Grande delusione per Io sono leggenda: l’ennesimo adattamento del romanzo di Richard Matheson è un po’ fiacco. Dobbiamo assorbirci la pareformance “fighetta” di Will Smith che quando non è diretto da, uno a caso… Michael Mann, evidenzia paurose defaillance. Tra esercizi ginnici, battute di caccia altamente atletiche e, ovviamente, qualche sgommata adrenalinica, il nostro non dimentica di vestirsi all’ultima moda… Un film a cui se togli il sonoro perdi praticamente il thriller. La regia non sa fare altro che alzare i volumi dietro ad angoli e porte chiuse per farci sobbalzare… a livello visivo, ma soprattutto narrativo, poche trovate e si nuota in un mare di “già visto”. Meno scontate e più accattivanti sono le immagini di New York post-apocalisse, deserta, con la natura che se ne appropria poco alla volta. Sono soprattutto le immagini iniziali, eleganti e di grande effetto. Poi si entra in un meccanismo da sceneggiatura “usa e getta” e non si vede l’ora di uscire dal cinema.

Interessante invece La famiglia Savage di Tamara Jenkins che io avevo già apprezzato in L’altra faccia di Beverly Hills dove, nel quartiere simbolo della ricchezza americana, si puntava l’attenzione sui sobborghi poveri, le lunghe file di case tutte uguali dove un’umanità allo sbando cerca di trovare un significato alla propria vita.

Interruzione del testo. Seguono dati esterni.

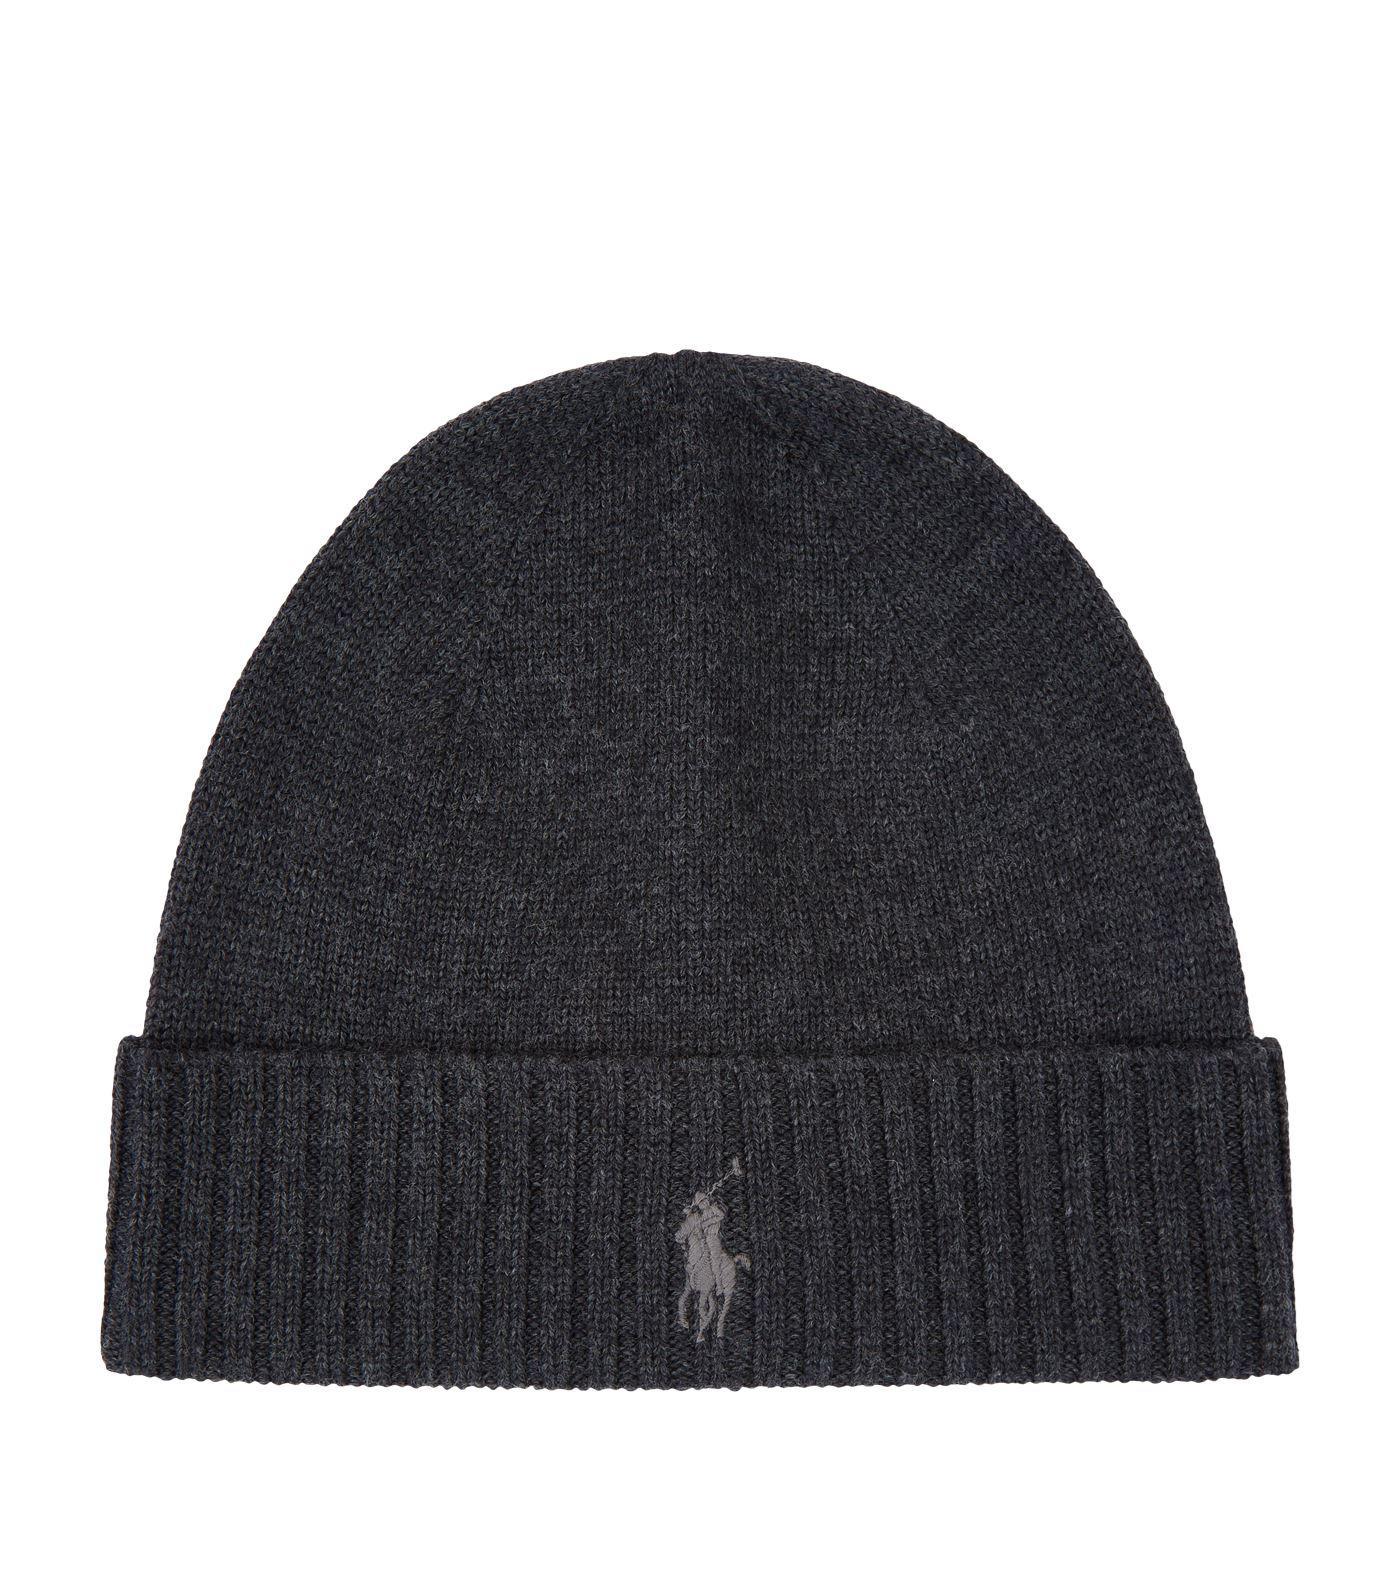 Polo Ralph Lauren Merino Wool Ribbed Beanie Hat in Gray for Men ... 7769eb0fa52b

Nello stesso modo ne La famiglia Savage troviamo personaggi che sono assolutamente inadatti e inappropriati… a tutto. Sono goffi e imbarazzati, sono troppo grassi o troppo vecchi o troppo stupidi. Il ritratto della Jenkins è pieno di umanità e al contempo desolante. Che sia l’assolata West Coast dalle casette colorate con giardino e palme, e persino le siepi sagomate, abitato da vecchi che attendono la morte e obesi figli che attendono di spartirsene gli averi. O che sia l’East Coast fredda e invernale, colpita da pioggia e neve, inospitale, quello che sembra mancare è l’umanità
E’ un mondo perfettamente razionale quello che mette in scena la Jenkins: fatto di casette e ospedali, uffici, ospizi e università, autostrade e appartamenti. Un universo “sulla carta” pacificato, eppure un universo per bambini viziati (come la colonna sonora che sembra una musica infantile suggerisce) in cui sembra davvero difficile sopravvivere: la protagonista infatti sogna il successo come scrittrice e intanto svolge lavori d’ufficio che odia, creandosi con la fantasia un mondo da commedia e aiutandosi in questo da una ricca scorta di medicinali di ogni tipo. Il fratello, che appare più risoluto, è invece incapace a decidere, goffo e impacciato, anch’egli rifugiato in un proprio mondo abitato da libri e aule universitarie ma in balia delle emozioni che non sa come affrontare.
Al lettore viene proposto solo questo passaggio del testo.